First (real) post!



Okay, I suppose I should tell you something about myself. Actually, I think I'll tell you about who I was, and maybe a bit about who I am, and why I'm writing this blog at all.

So, last things first, why this blog? Why oh why do the interwebs need another fitness blog? It doesn't, and frankly, I don't care. I'm not really doing this for the interwebs's sake (and thank god for that). This blog is mainly for me, and maybe it will resonate with others, which is completely awesome if true. I hope to use this blog to hammer out the stuff that rolls around in my head when I'm at the gym, or at work, or fixing dinner, or driving, or basically about any time. Process it. Think hard about it. Let other people comment on it, challenge it, push it, whathaveyou. I'm an exhibitionist, not a journalist. I like to think some other folks might enjoy reading what I write. If not, that's cool, thanks for stopping in. That's basically why I'm doing this. Welcome to my brain. Apologies in advance.

I've got all kinds of things going on in my life, and I'm sure some of it will leak over to this blog, but mainly I want this blog to be about my own fitness journey, personal discoveries, ideas, etc. I want a space to really dig into this stuff. Facebook is wholly inappropriate for this--people always take this as showing off/shaming others, which is sad. Fitocracy would seem to be a natural fit, but it's just not structured for longer posts like what I'm hoping to do. Also, I'm not a fitness expert/trainer by any stretch of the imagination, so it also would just feel weird to me to post my vague musings over there. So, new blog was born.

More about me, and maybe a bit of why you may (or may not) be interested in anything I have to say....

In the past year, I've gone from around 230lbs (plus or minus, I wasn't exactly hanging out on the scale back then) to 188lbs and falling. I've retained all of my muscle mass, and actually added a bit. I've gone from 50% body fat to 42%, with an ultimate goal of 20%. I'm not starving to death, I pretty much eat what I want (but I pay attention! More later.) I am right now the fittest I've ever been as an adult, and possibly the fittest I've ever been in my life. And believe me, I ain't done.

For my entire life, I've hovered between overweight and obese. Despite who knows how much effort, I have never in my life (from elementary school on) been at a healthy weight. There was a period in grad school when I got within spitting distance of it (more on that later), but that's it. I'm also adopted, and neither of my adoptive parents have ever had any real weight issues. They put me in all sorts of little leagues, gym classes, swim groups, tennis lessons, you name it. Yet somehow, I was always fat. Talk about having the sense that your genetics is out to get you. Probably my biggest mental barrier--one I'm sure I still struggle with--is the feeling that being fat is my physical destiny. I mean, I was in a great environment to be able to ignore whatever my genetic inheritance is, but for my whole life I've felt like it's had me in its grip. If I'm being honest, I've probably never gone full-throttle into a diet and/or exercise regime in my life, because deep down, I always knew it wouldn't matter. Gosh, that's sort of a self-fulfilling prophecy when you look at it on its face, but there you have it.

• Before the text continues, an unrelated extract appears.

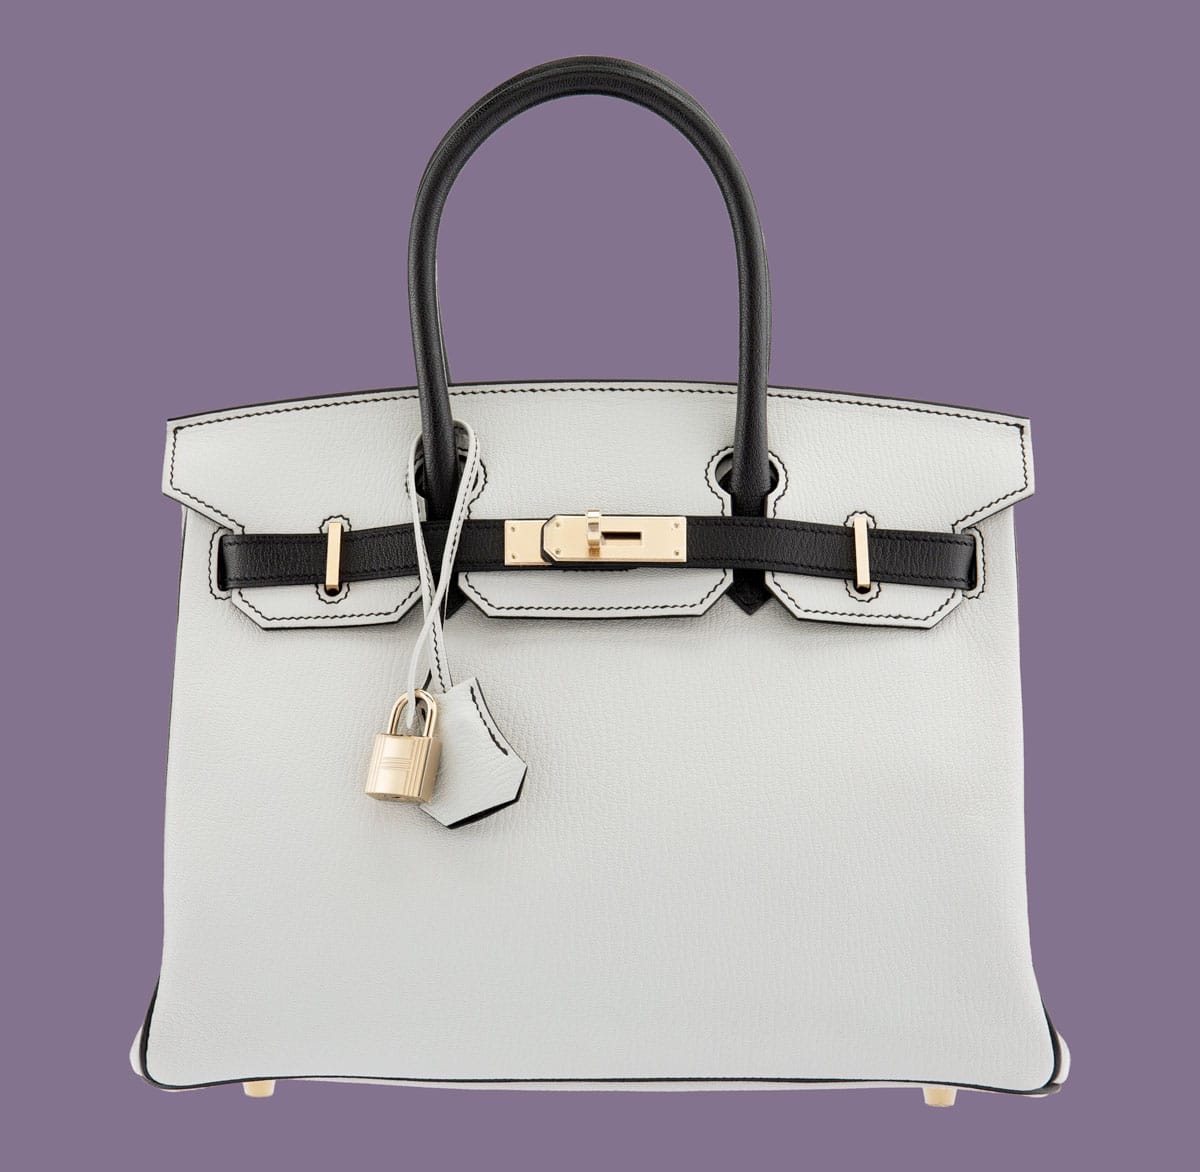 Hermes Special Order Horseshoe 30cm Gris Mouette Black Chevre Leather Birkin Bag with Permabrass Hardware

So then one day, things changed quite dramatically. There are a thousand reasons for this, but I'm going to put one right here, first and foremost: a little over a year ago I re-joined Fitocracy, and started to actually read up on their knowledge database and pay attention to some of the groups there. Since then soooooooo many things have changed about the way I live my life and how I approach being fit, and believe me, I want to tell you all about it (hell, that's the point of this place, right?). But I really do credit Fitocracy with being the linchpin that pulled everything together for me. In fairly short order, I started doing several things that I'd never done before:
  1. I started lifting heavy. I learned what "lifting heavy" actually meant, and then started to do that.
  2. I started following a program, rather than my more typical "huh, maybe I'll do this machine now" method.
  3. I pretty much stopped using machines altogether. 
  4. I embraced the fact that I HATE CARDIO. Hate it with a passion. 
    • "But but but but you hafta do cardio if you want to lose weight!!!!!!!!!1!1" No, no you don't. You don't have to pound your life away on a treadmill or pump yourself into the ground on the elliptical trainer to lose weight. I promise.
  5. I screwed around just a bit with what I eat. I started paying attention to these things called "macros". I'm not slavish about them, but I find them to be a good guideline.
  6. I got myself a personal trainer. Best. Decision. Ever.
And finally, I learned something really important about myself. I love lifting weights. I love feeling strong. I love making progress, and adding just. one. more. fraction plate to the bar. I love lifting up something so heavy I break a sweat and make strange guttural sounds. I don't miss a workout for anything. I don't have to talk myself into going to the gym. I get excited about new personal records (PRs).

Okay, that's more than enough to be getting on with. I have some actual content to convey in the future, but for right now, that's me.